Commissioning, Qualification, and Validation (CQV) Engineer

We are seeking a proactive and detail-oriented CQV Engineer to support our client’s pharmaceutical and life sciences projects in the Raleigh/Durham area. This individual will play a key role in commissioning, qualification, and validation (CQV) activities for equipment and systems.
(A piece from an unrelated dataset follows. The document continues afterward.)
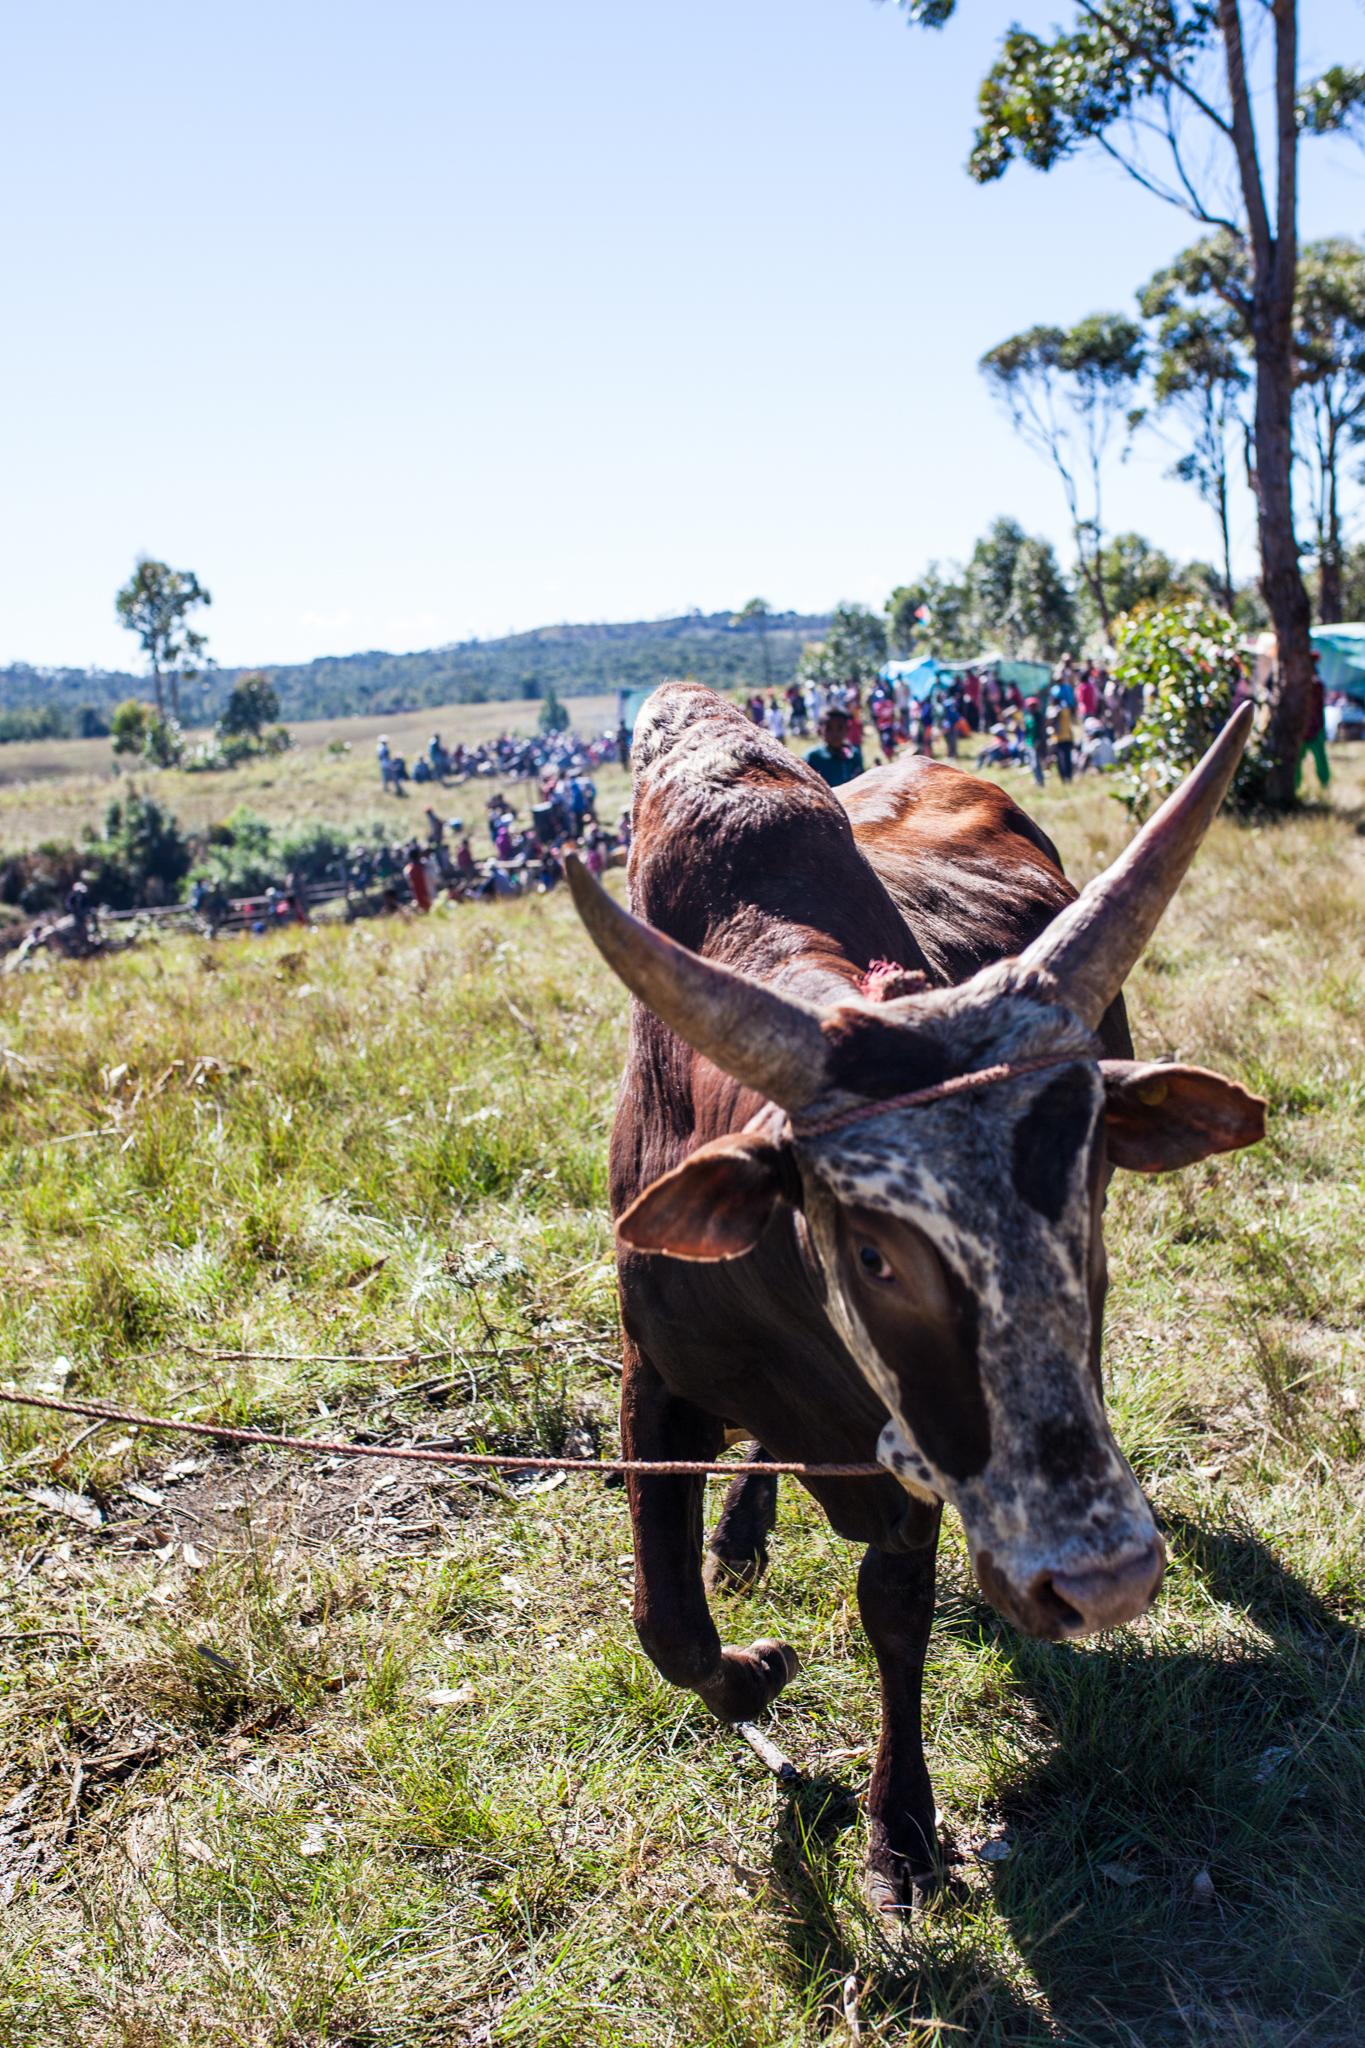 boy vs. Beast - Betsileo bull wrestling
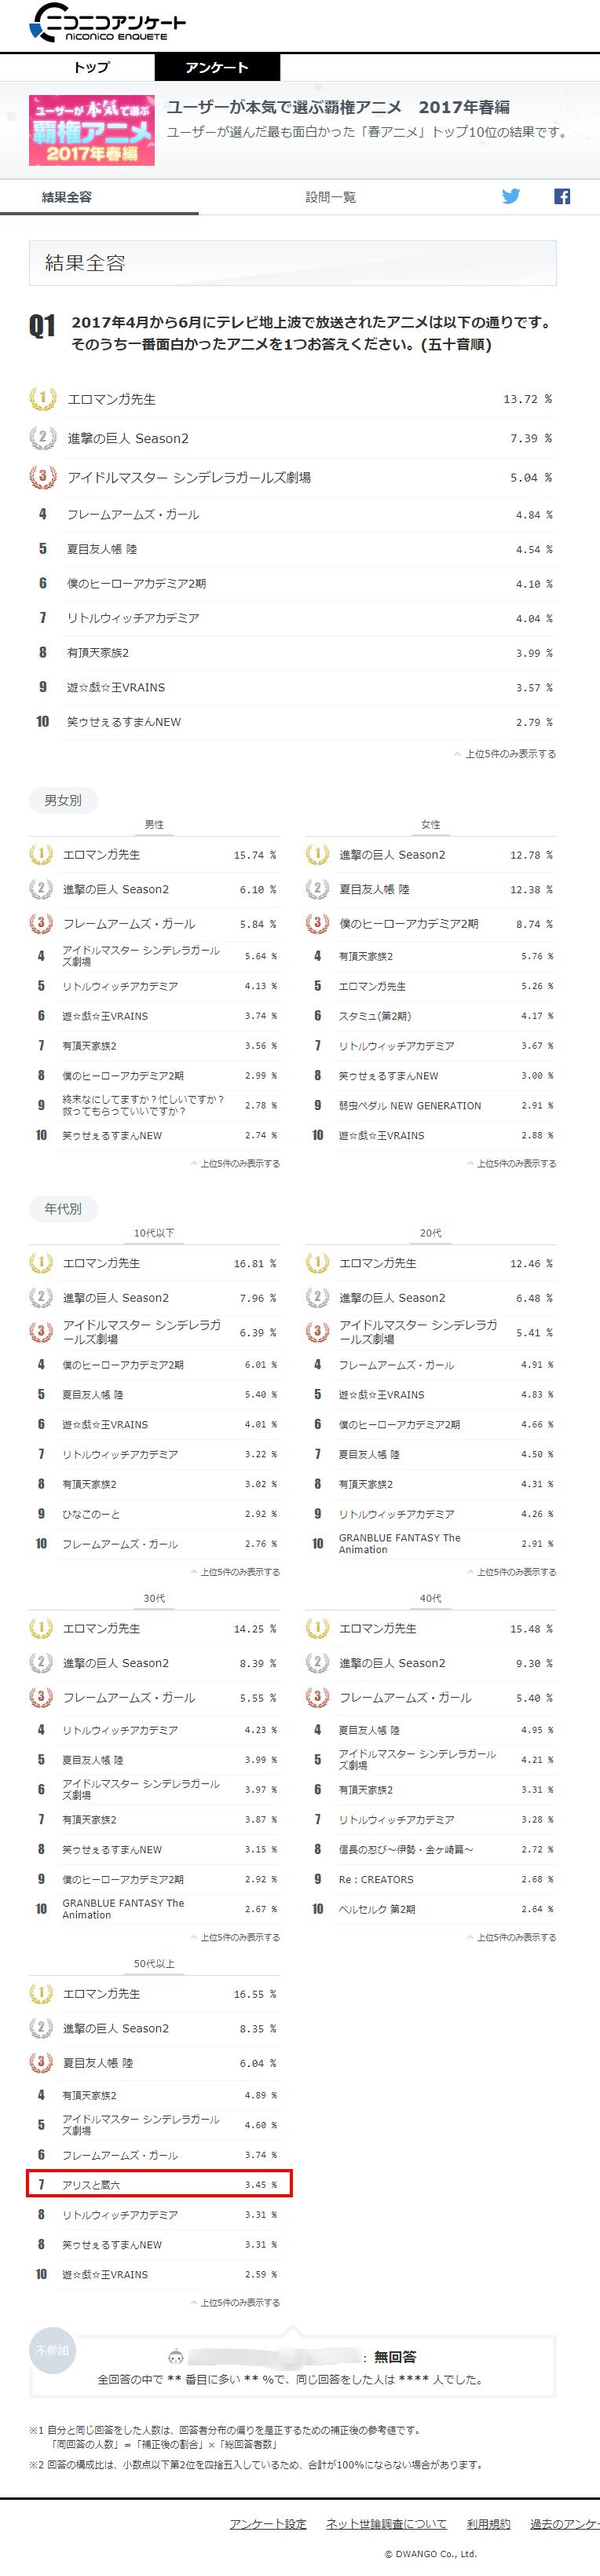 【結果】ユーザーが本気で選ぶ覇権アニメ 2017年春編

The ideal candidate has a strong work ethic, excellent communication skills, and a great attitude, making them a seamless fit within a dynamic team environment.

Responsibilities

• Lead and support CQV activities for process equipment, utilities, and automation systems, ensuring compliance with cGMP regulations and industry standards.
• Develop and execute commissioning and qualification protocols (IQ/OQ), including documentation preparation, execution, and reporting.
• Conduct risk assessments (FMEA, GMP impact assessments) to support validation strategy development.
• Interface with cross-functional teams (engineering, quality, operations, and project management) to troubleshoot issues and ensure project success.
• Maintain strong documentation and software proficiency, ensuring accurate record-keeping, data analysis, and compliance with regulatory requirements.
• Support and coordinate with vendors and contractors for equipment startup, qualification, and troubleshooting.
• Take a proactive approach to problem-solving and continuously seek process improvements.
• Ensure timely completion of CQV activities to meet project milestones.
• Provide regular updates / deliverable progress to CQV leads and project managers.
• Work with PACE, the client and other CQV resources to ensure site/project standards are met.
• Ensure compliance with relevant client procedures

Qualifications

• ~5 years of experience in CQV projects within the pharmaceutical, biotech, or life sciences industry.
• Experience working in a multi-disciplinary design office or equivalent client team
• Demonstrated CQV experience in client-side, project-team environments.
• Life Sciences experience in CQV projects within biologics, aseptic / sterile processing, and / or secondary applications.
• Site start-up experience preferred

Essential Skills

• Strong knowledge of cGMPs, FDA, EMA, and ISPE guidelines for equipment and systems qualification.
• Hands-on experience with process equipment, clean utilities, HVAC, automation systems, and laboratory instruments.
• Proficiency in CQV documentation tools and software (e.g., Veeva, Kneat, Bluebeam, or similar).
• Excellent verbal and written communication skills with the ability to interact effectively with both technical and non-technical stakeholders.
• Strong analytical, problem-solving, and organizational skills, with a self-driven and proactive mindset.
• Ability to work independently and as part of a team, maintaining a collaborative and solution-focused attitude

Why Join Us

• Opportunity to work with a dynamic, high-performing team in the life sciences industry.
• Be part of impactful pharmaceutical and biotech projects that contribute to healthcare advancements.
• Competitive compensation and professional growth opportunities in a fast-paced environment.